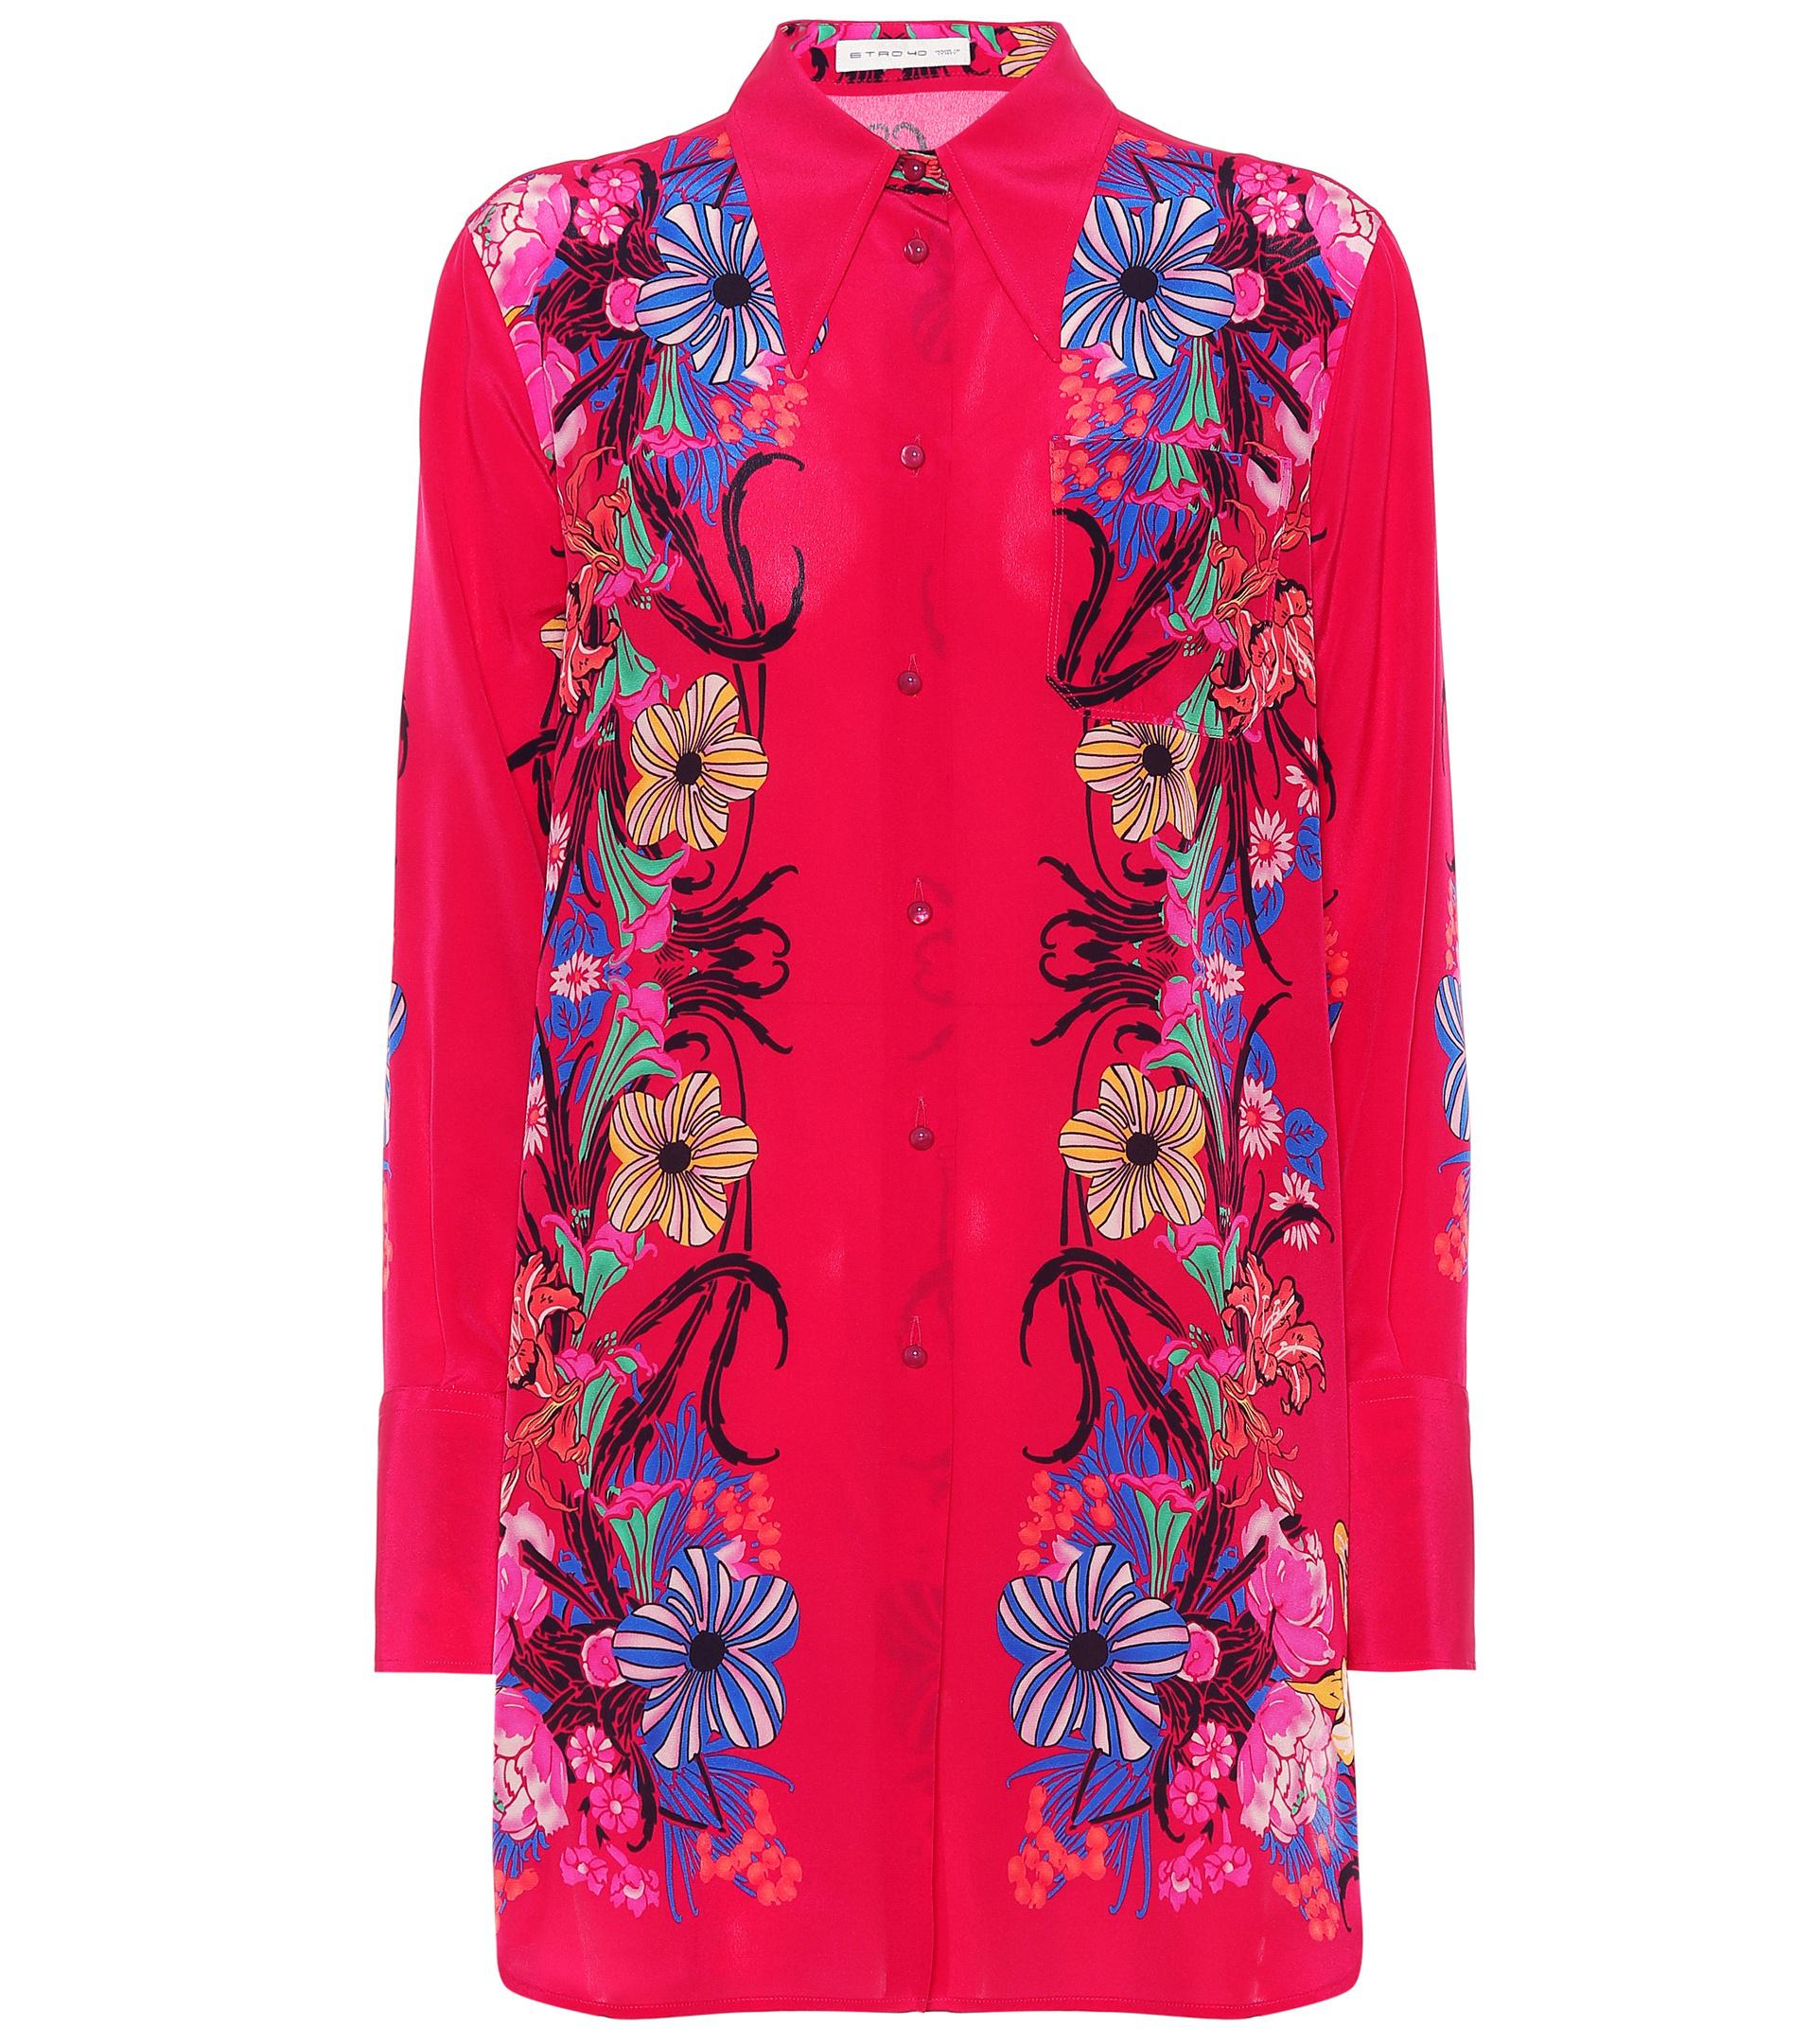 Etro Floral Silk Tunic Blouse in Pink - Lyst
=====
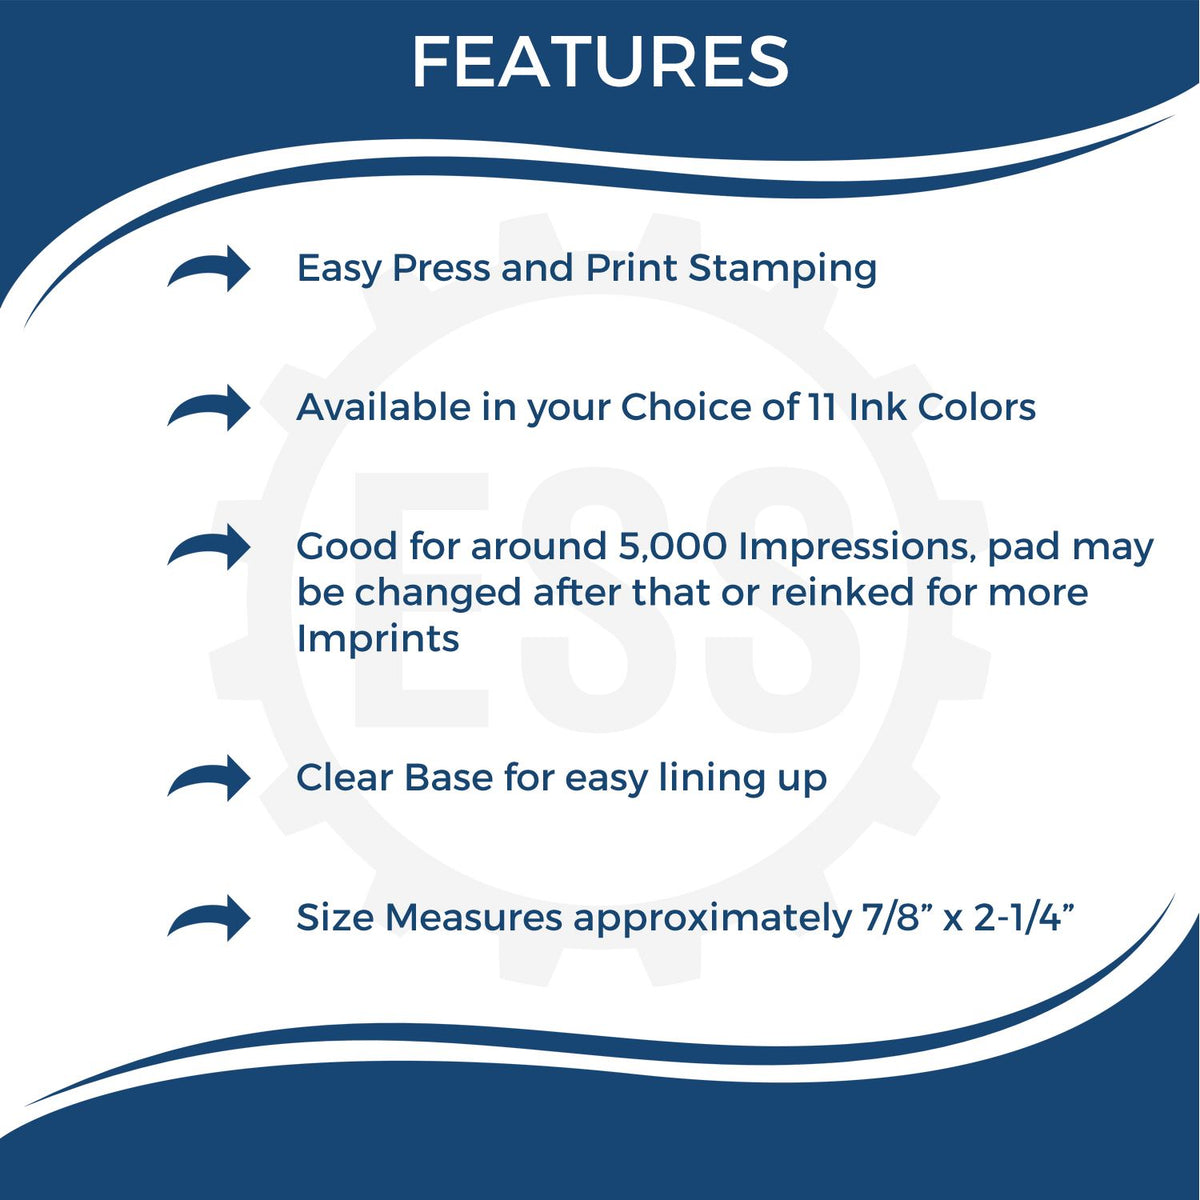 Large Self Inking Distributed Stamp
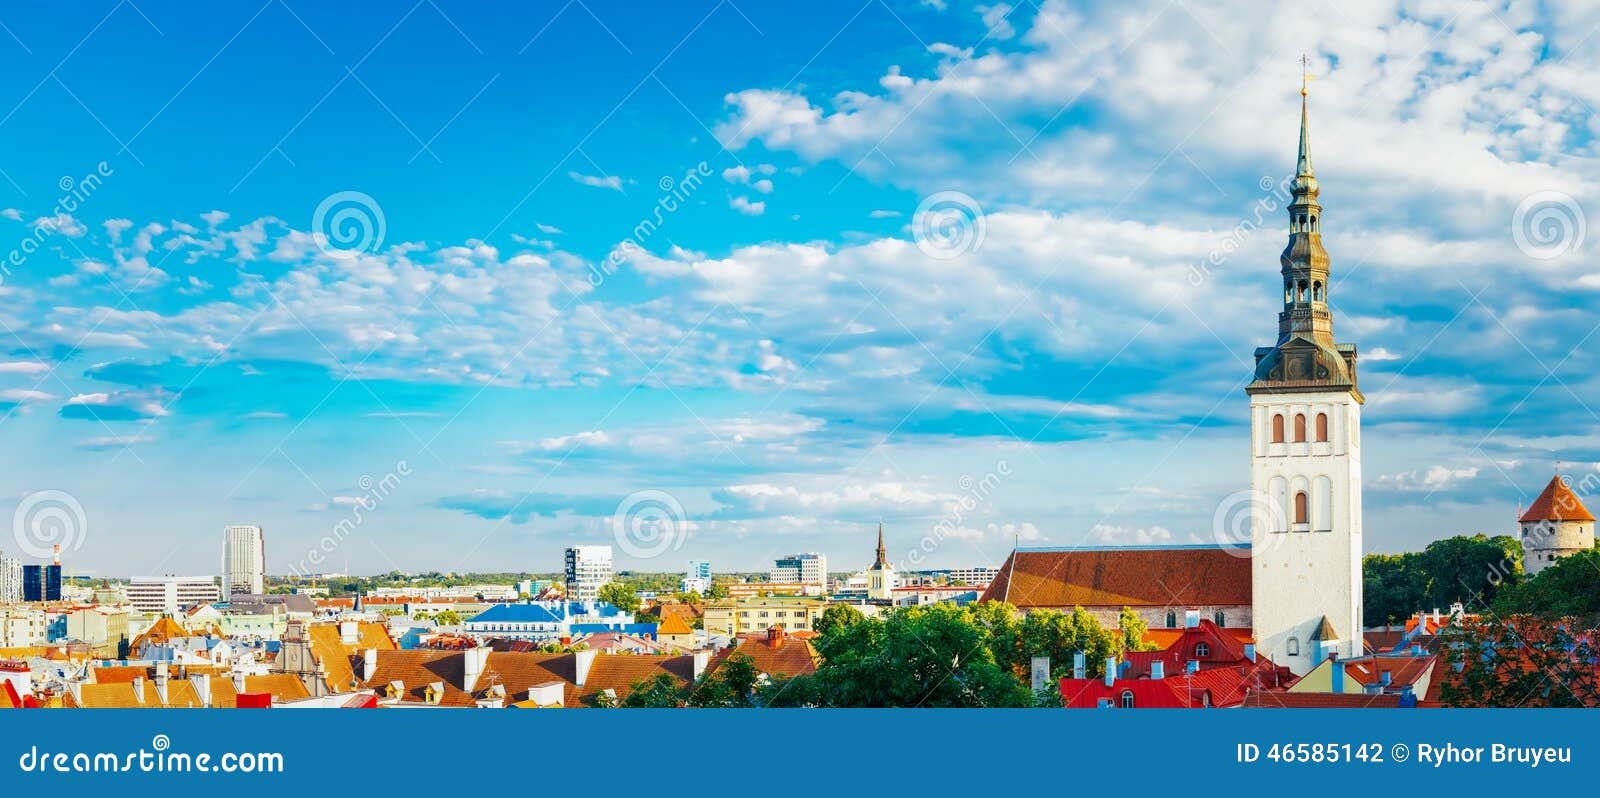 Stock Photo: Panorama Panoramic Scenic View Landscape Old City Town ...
=====
What the exercise asks:
Extract from the material above the stretch running from the line containing "Large Self Inking Distributed Stamp" through the line containing "Stock Photo: Panorama". Keep the text exact and the pictures out.

Task result:
 Large Self Inking Distributed Stamp
 Stock Photo: Panorama Panoramic Scenic View Landscape Old City Town ...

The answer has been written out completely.